Он лег, оглушенный и уничтоженный ее словами, так просто и ясно показавшими ему пропасть между ними. Он пил и думал, что надо успокоиться, а затем уже… Что затем?.. А она, сидя на краю кровати, задумчиво и молча гладила своей маленькой пухлой рукой его голову и, играя волосами, по временам взглядывала ему в лицо, добродушно и просто улыбаясь.
— Слушай! — беря ее за руку, начал он. — Вспоминаешь ли ты иногда о твоем отце, матери, деревне, детстве твоем и другом хорошем в твоей жизни?
Она вдумчиво улыбнулась и тряхнула головой, но вдруг нахмурилась и неприязненно строго произнесла:
— Ну будет лясы-то точить! замолчи!
Он замолчал, чувствуя, что ему невыносимо стыдно.
— Уйду! Нет, вон, вон отсюда! Как?! Уйти?! — упрекнул он себя и, сев на постели, вдруг заговорил задушевным, теплым тоном, глядя ей прямо в глаза и полный сознания необходимости уяснить ей ее положение.
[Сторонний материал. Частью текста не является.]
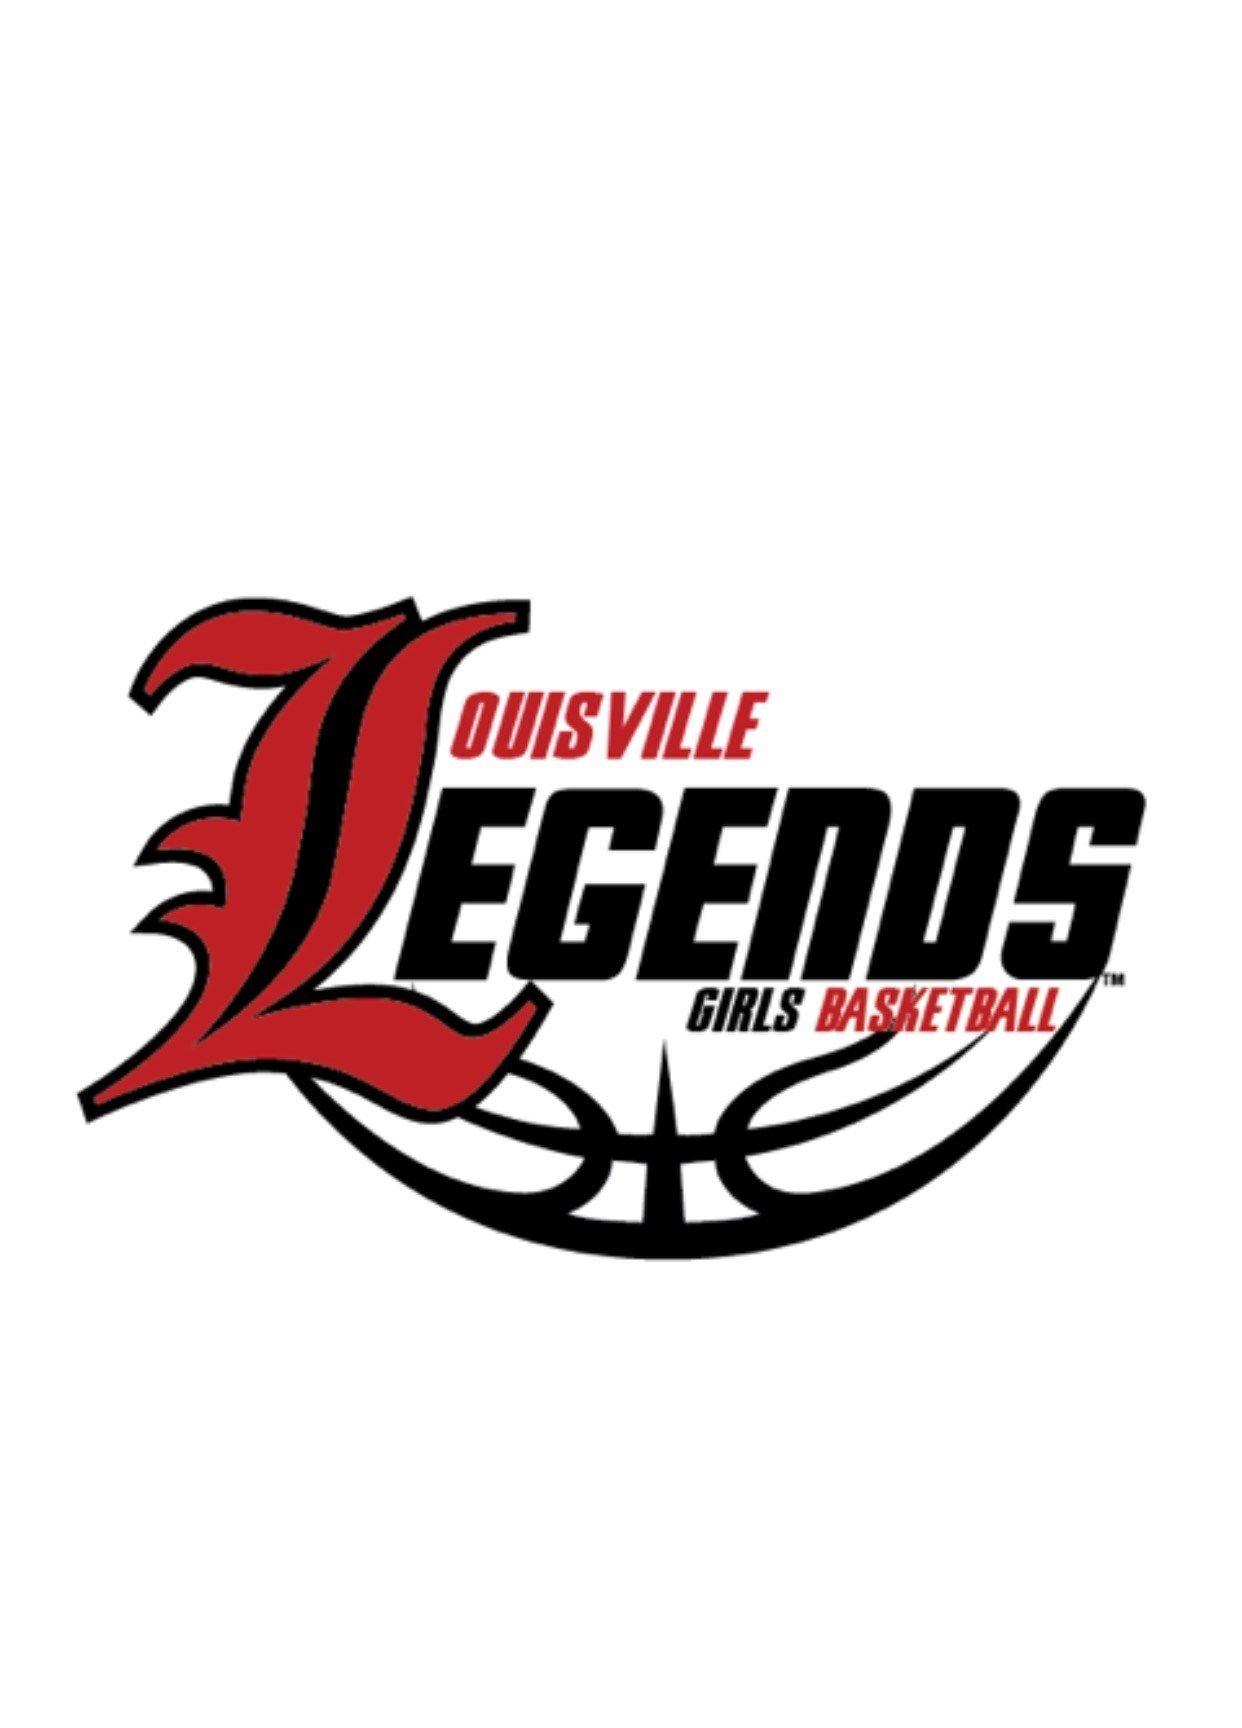 AAU Logo - Louisville Legends AAU Logo. KySportsTV - Local Sports Network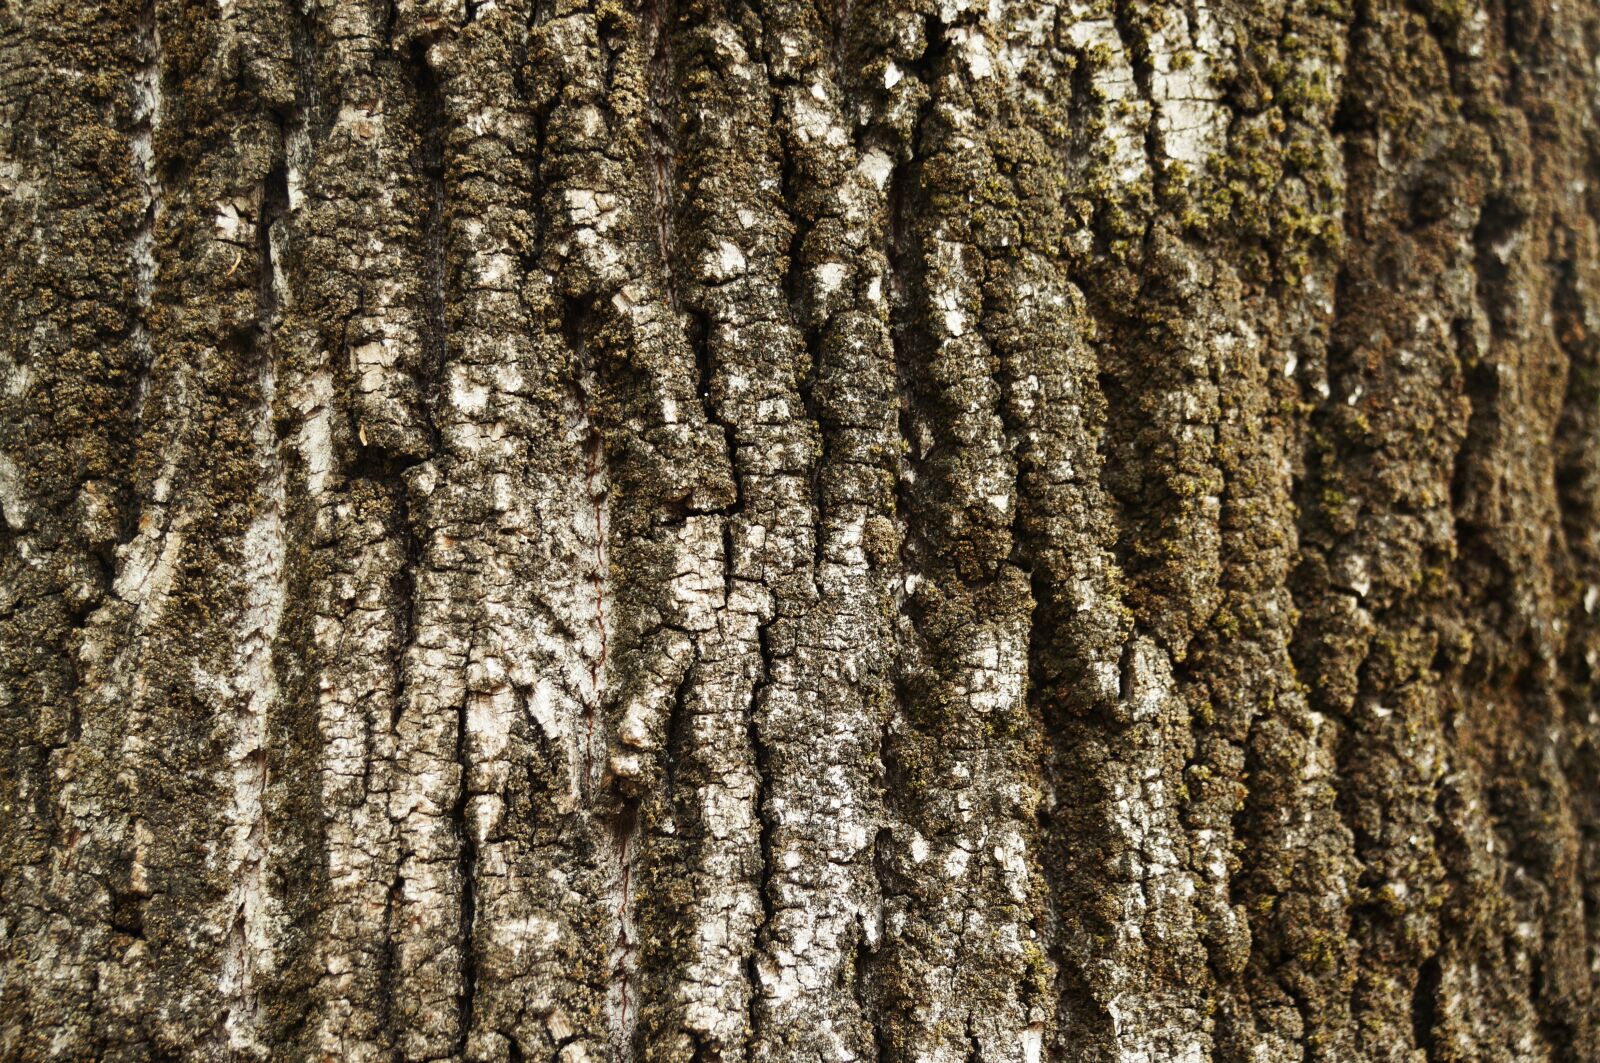 Sony NEX-VG20E sample photo. Texture, bark, tree photography

Он говорил о семье и ее радостях, о муже, добром молодом малом, любящем ее так хорошо, крепко, о маленькой комнатке, где всё так уютно, чисто и заработано честным трудом и где пара маленьких ребятишек ползают и кричат ей «мама! мама!» и бормочут свои славные, ребячьи слова, рисовал ей ее самоё, озабоченную и честную работницу, окруженную подругами, такими же, как и она, женами и матерями… рисовал, беспощадно ярко сгущая краски, и, увлекаясь нарисованной им картиной, еще более жестоко начинал дополнять, входя в самые мизерные детали семейной жизни и умея везде открыть ей крупицы хорошего, человеческого, в лучшем смысле этого слова, обливая всё это искренним чувством сознания совершаемого им добра и уважения к себе за победу над собой и за эту проповедь при таких исключительных и странных условиях, в этой цинически приспособленной обстановке, полной грязи, смрада и отвратительной насмешки над любовью к женщине…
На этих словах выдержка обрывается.